Operating activities used $3,764,994 and $4,921,109 in cash for the nine months ended November 30, 2012 and November 30, 2011, respectively. Our net loss of $4,913,546 was the primary component of our negative operating cash flow for the nine months ended November 30, 2012.

Investing Activities used $114,573 in cash during the nine month period ending November 30, 2012, primarily as a result of an increase in notes receivable Financing Activities generated $3,777,232 in cash from purchase order financing and the issuance of preferred shares in the nine months ended November 30, 2012 while $4,730,961 in cash for the nine months ended November 30, 2011 was entirely generated from the issuance of new common shares and repayment of a related party note payable.

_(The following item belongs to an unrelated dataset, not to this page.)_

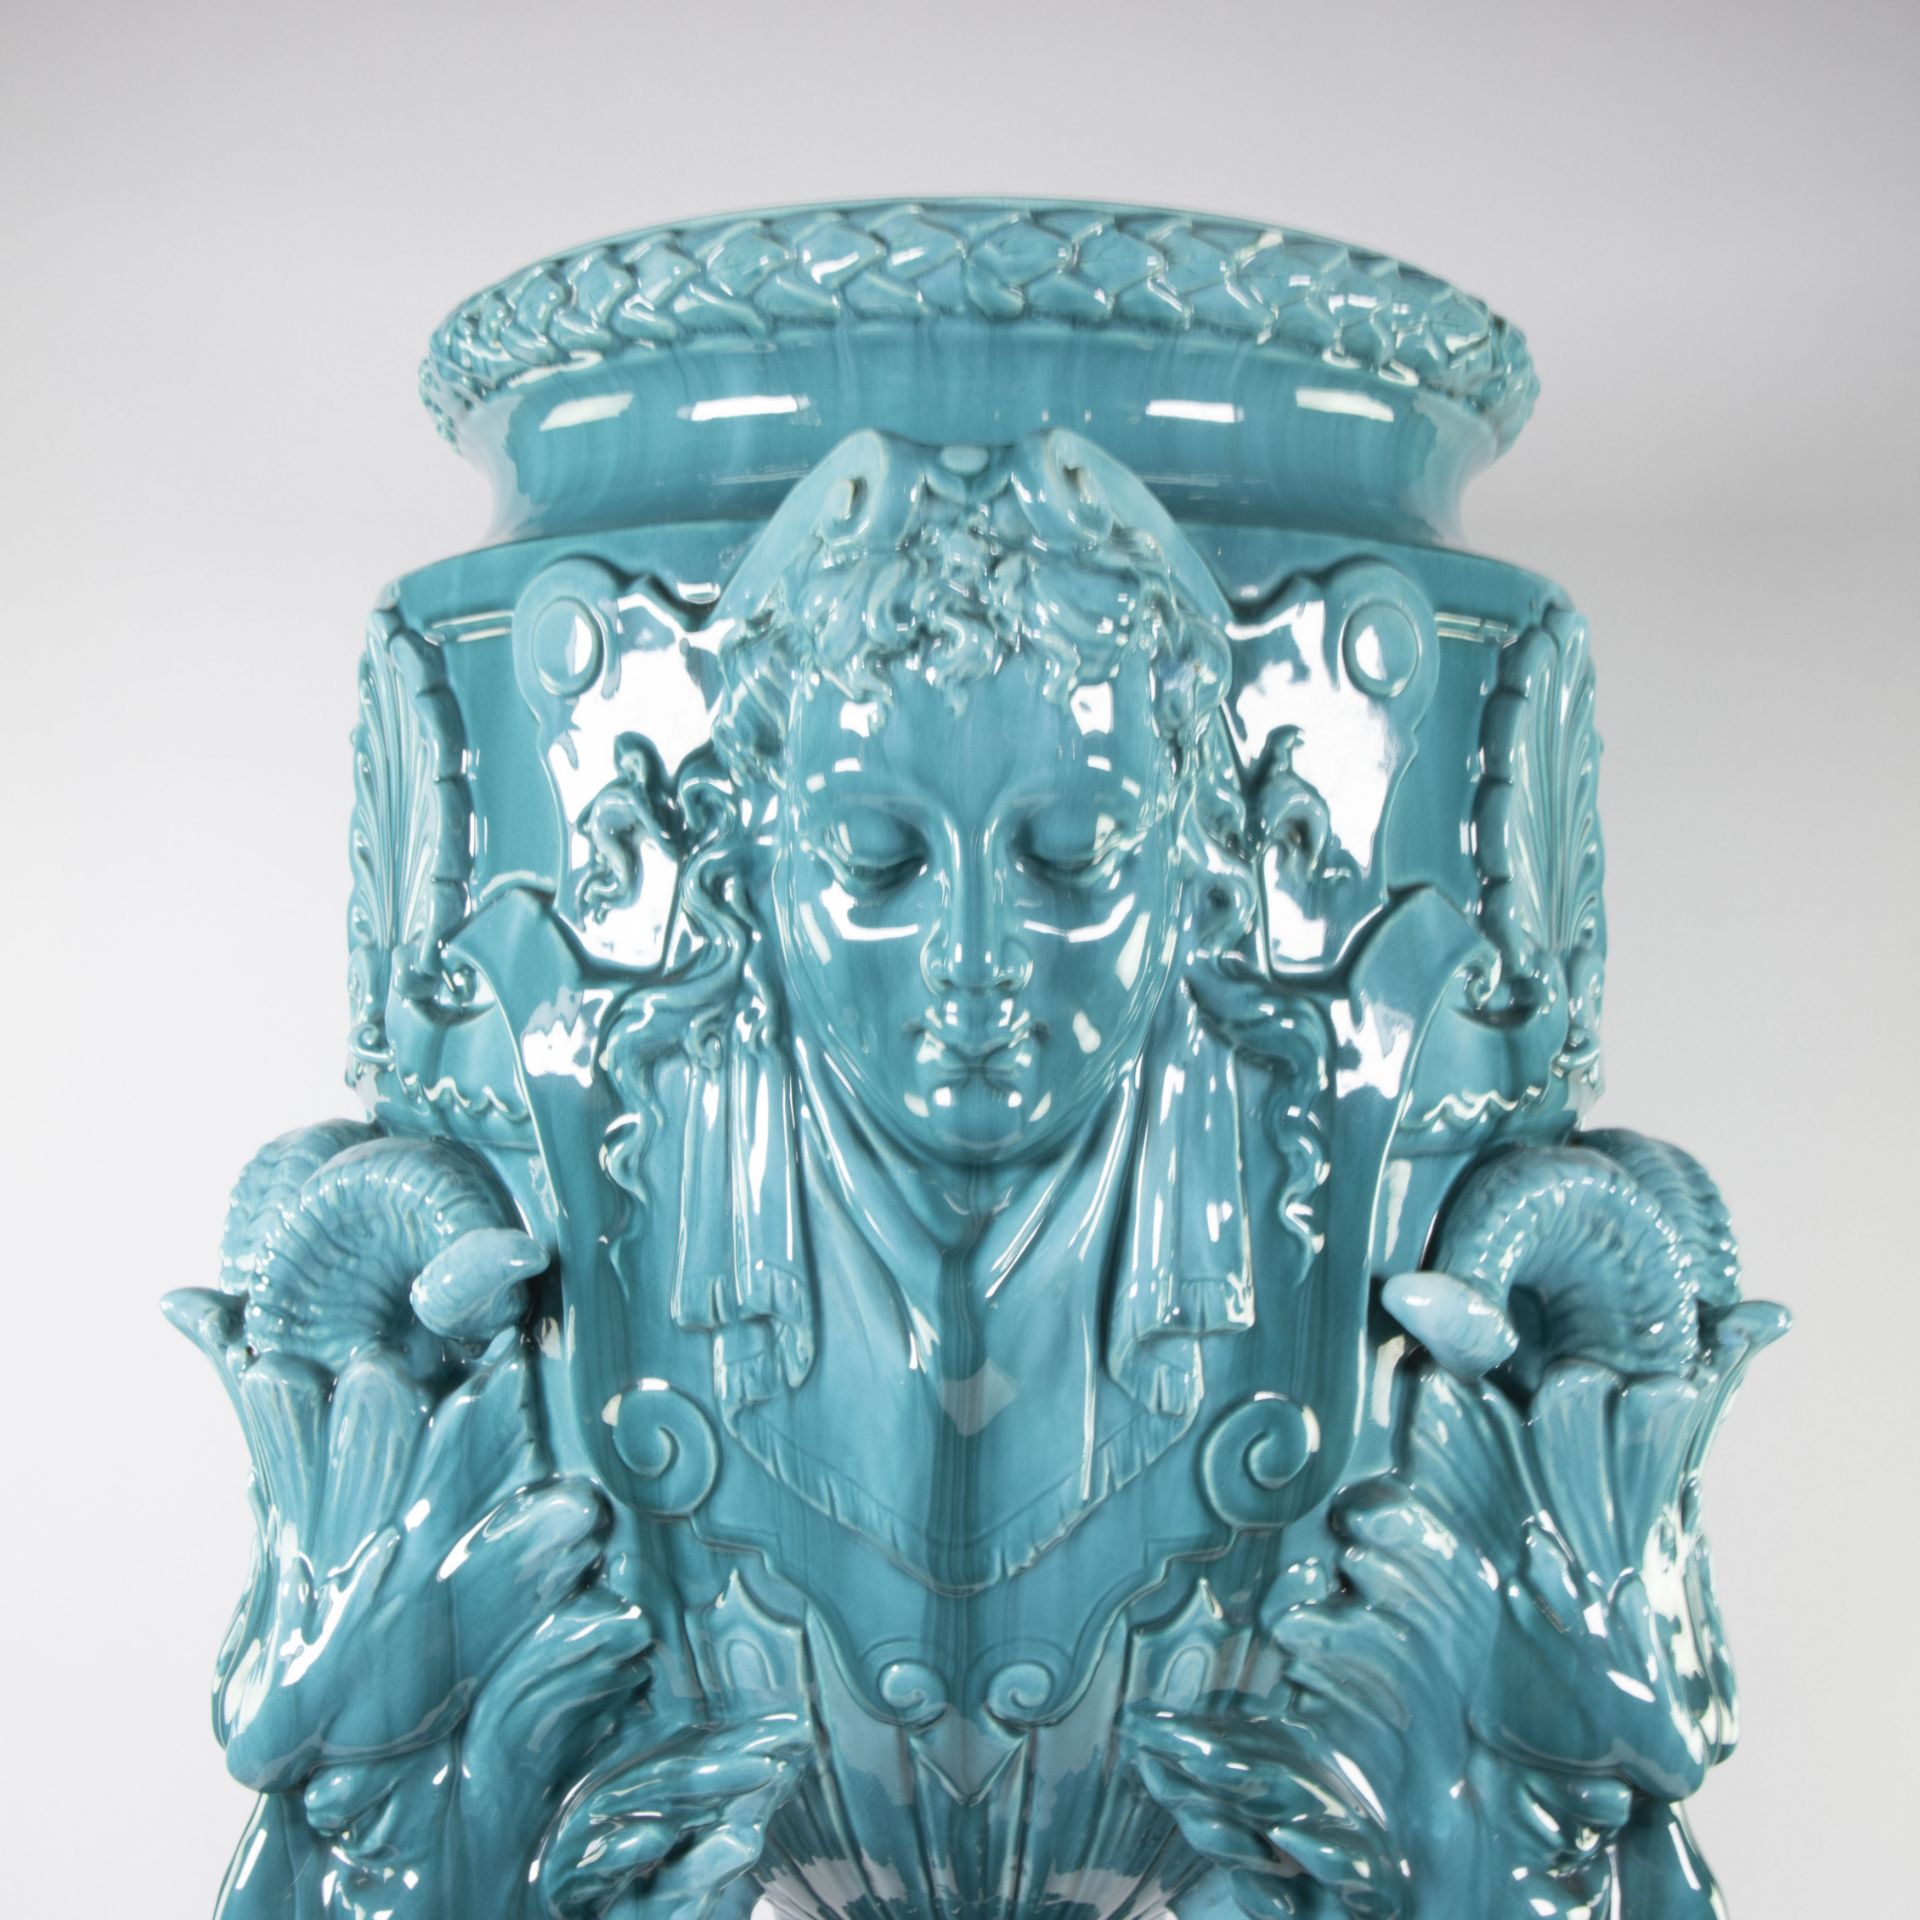 Théodore DECK (1823-1891) (attributed) Ceramic cachepot with stand in blue dripping glaze around 190 - Bild 2 aus 14

As of November 30, 2012, the ability to continue the implementation of our business plan over the next twelve months is contingent upon us either generating sufficient revenues from our ongoing operations to fund our business, obtaining additional financing, or some combination of revenues and additional financing. Our current order backlog requires working capital to satisfy in a timely manner. In addition, we also lack sufficient working capital to meet all our current obligations to existing vendor trade payables and have delayed payments to many vendors. Our management will continue to make obtaining additional working capital as needed, whether equity or debt capital, a high priority for the next twelve months as the lack thereof constitutes a significant present constraint on our ability to satisfy our existing large backlog of orders or to grow further. Although there can be no assurance that this additional working capital will be acquired, management believes that the current company opportunities are significant enough that we will be able to do so. If we are unable to do so, the execution of our business plan could be adversely impacted.

9 Off Balance Sheet Arrangements As of January 22, 2013,there were no off balance sheet arrangements.

Going Concern We have incurred losses since inception, and have not yet received sufficient revenues from sales of products or services to reach profitability. These factors create substantial doubt about our ability to continue as a going concern. The financial statements do not include any adjustment that might be necessary if we are unable to continue as a going concern.

Our ability to continue as a going concern is dependent on generating cash from the sale of our common stock and/or obtaining debt financing and attaining future profitable operations. Management's plans include selling our equity securities and obtaining debt financing to fund our capital requirement and ongoing operations; however, there can be no assurance we will be successful in these efforts.